I am currently 15. As a child I complained alot about my lower back area feeling an immense amount of pain. After awhile of complaining my parents brought me into the doctor and tested me for HLB-27. The test results came back possitive. Also with the fact of my father having Ankylosing Spondylitis(AS) increased my chances of having AS. They took me in for xrays and nothing had been seen. About 2 years later I started seeing a specialist. My specialist just recommened me to do physio.....

Great Video! 25 yrs. of AS and still kicking here! I have learned: No Nightshade Vegatables espically raw, (peppers, tomatoes, and potatoes are the worst). A low PH diet in general. Sit in a comfortable chair that your neck can lay back on, even to sleep (lazy boy). Roll up a fluffy hand towel, wet it down, 1-2 min in microwave, and hang it over neck and shoulders (repeat 5-10 times hot). Vaporize some bud for pain, relaxation. Shiatsu neck massager to dig in deep on muscles after heat.

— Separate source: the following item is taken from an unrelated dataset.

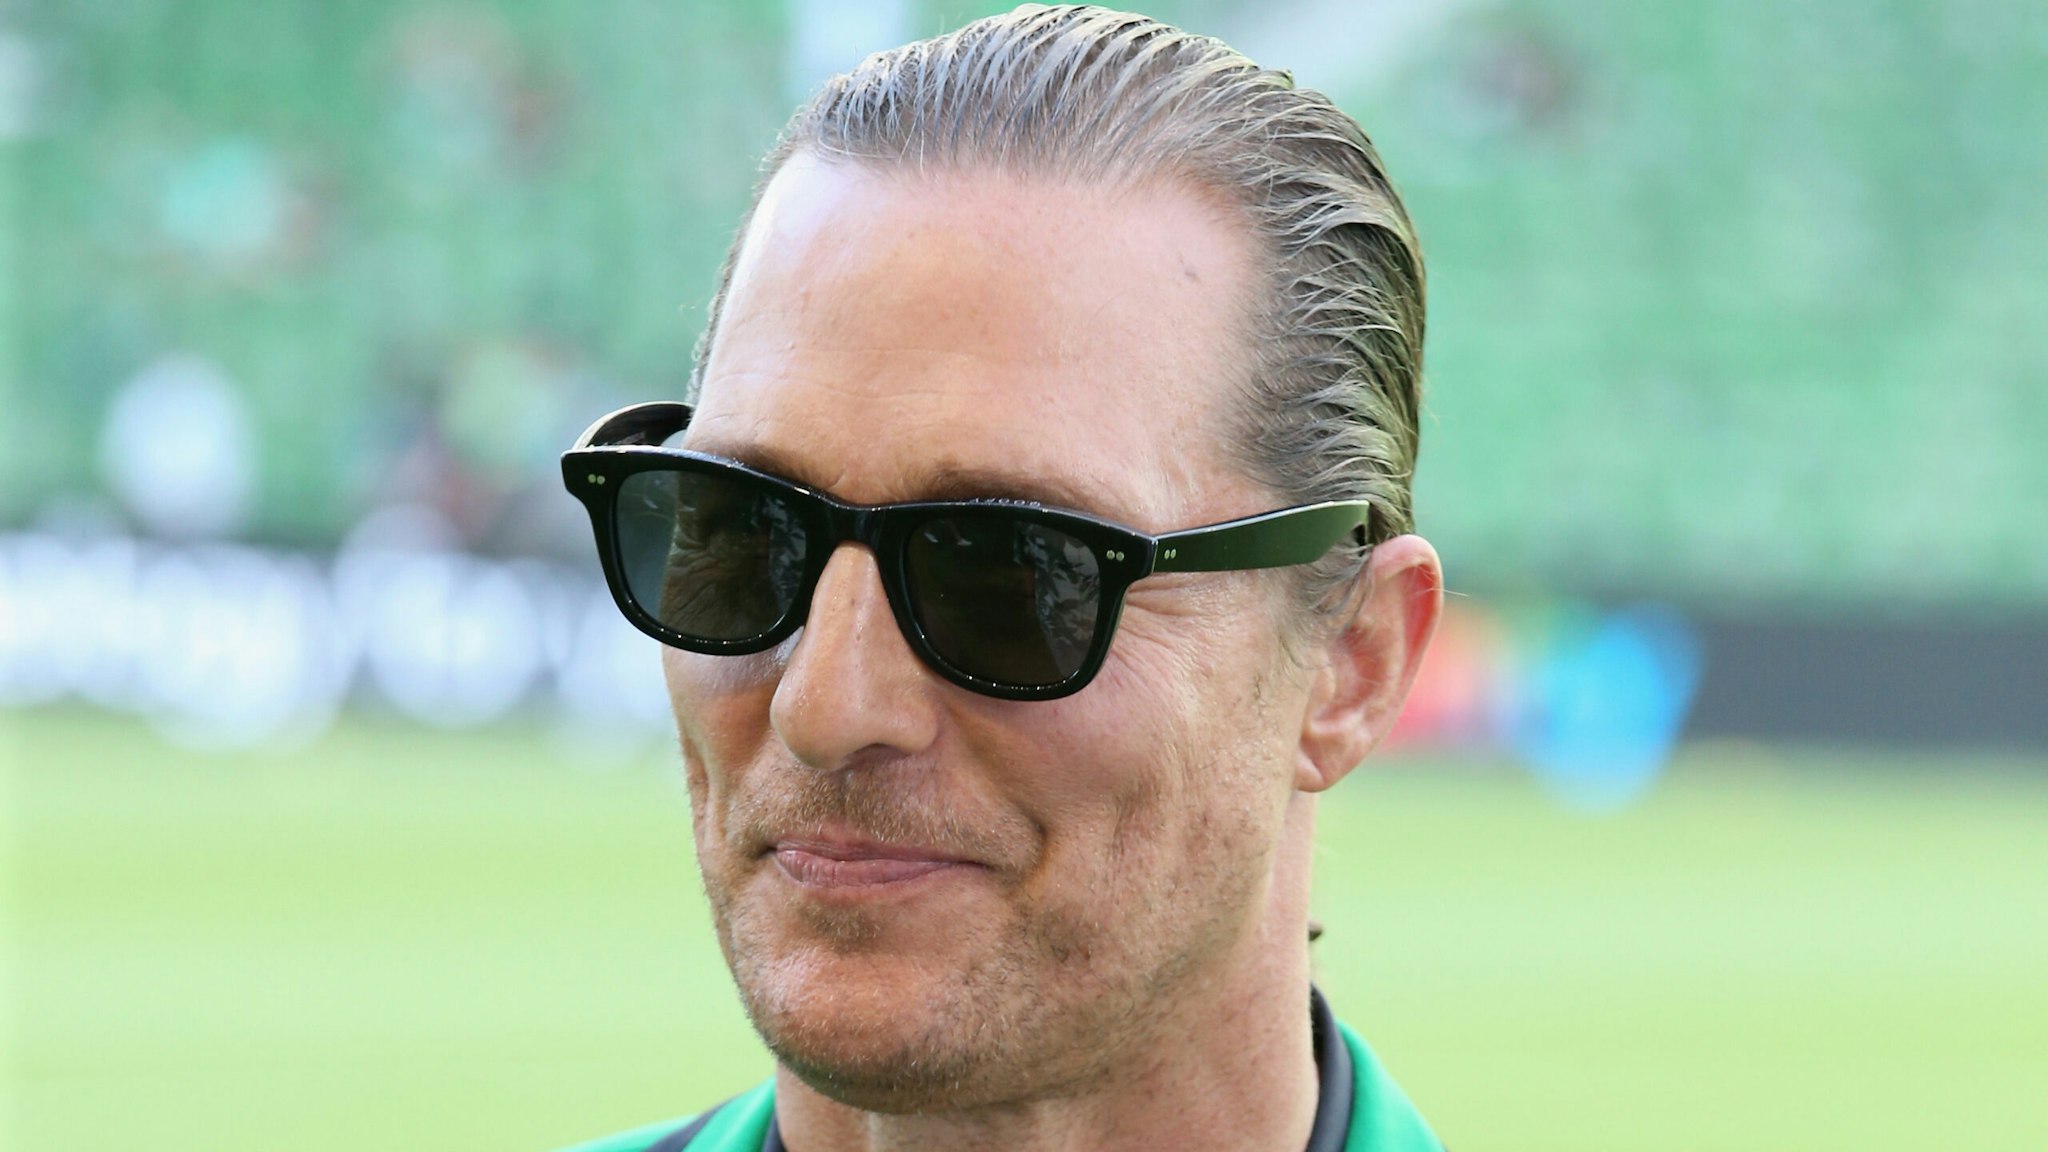 AUSTIN, TX - JUNE 19: Matthew McConaughey attends the inaugural home game between the San Jose Earthquakes and Austin FC at Q2 Stadium on June 19, 2021 in Austin, Texas.
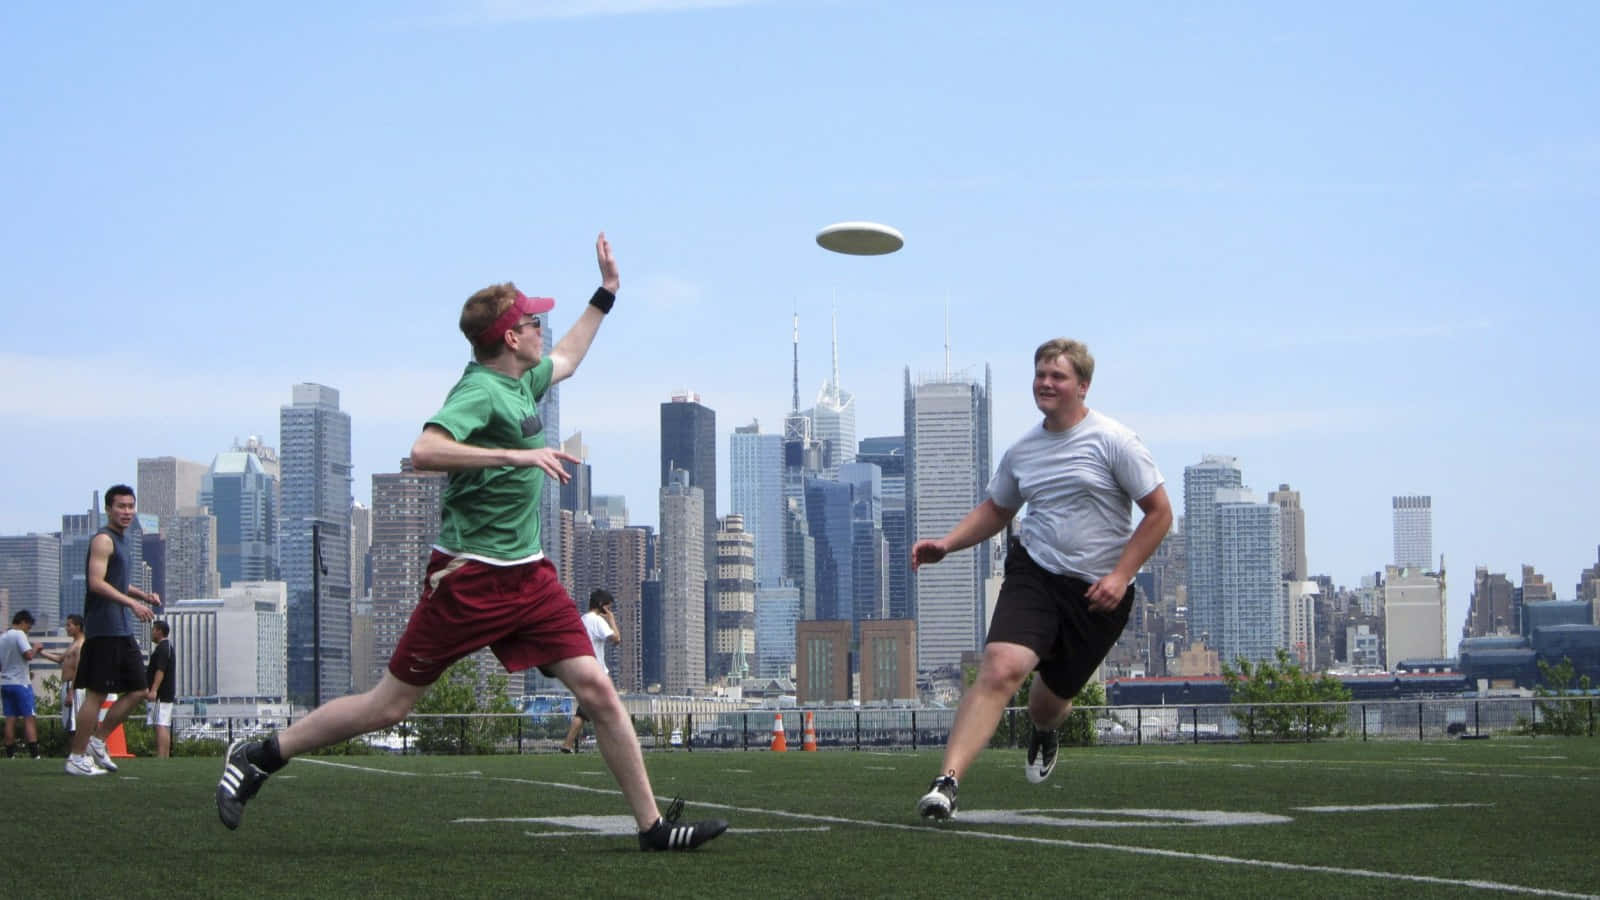 Intense Ultimate Frisbee Game in Action

TNF ALPHA (injections) are only treatment for AS they may cure AS about 99% take care my dear friend

hiya, I'm 28 from sussex and have had AS for ten years. Exactly the same symptoms as you, car journeys are a right pain in the legs and getting in cars is like a perculiar puzzle game everytime. I'm active and healthy despite the fusion and refuse to pander to it or let it get me down, it's made me live my life for right now and enjoy the present for all its worth :)

I noticed that every one of my comments on this topic have been deleted, no matter where I posted them so I'll try again. Were you exposed to chemicals of any sort or did you work in a factory? I am really concerned about this because I have all of your symptoms and much worse. I live in a fluoridated city and also lived in a Canadian city for 7 years that was sprayed with Agents orange, white, and purple.

You're not alone my friend, ive had AS for 15 years and im only 34 !! Each day is a struggle, taking celebrex is the only thing helping me day to day but the side effects are terrible. Excersice hurts but I still do it.

BTW,

The no starch diet and weight loss DID work for me. Maybe it's psychosomatic, but who cares....

yes, stress is also a huge contributor....golf is great for me. walking 18 holes helps keep everything moving.

Not only does sneezing hurt, but when you try to suppress it, it blows your back out. So it's chest agony or back destruction.

I'm with you brother...I was diagnosed in May 06, although lived with this for many years without knowing what it was.

Its incredible; I'm writing this post as I listen to your video. I've experienced everything you have.

My family always refers to my AS as my "bad back". They have no idea...

I'm starting a Facebook group for people with AS. Search my name 4 it.

keep going brother.

thanks for this.

excercise and meditation is good for reducing stress. maybe check out some ayurvedic treatments. i will try it.

Thanks for the testimony, it's sometimes good to feel a bit less lonely facing this burden.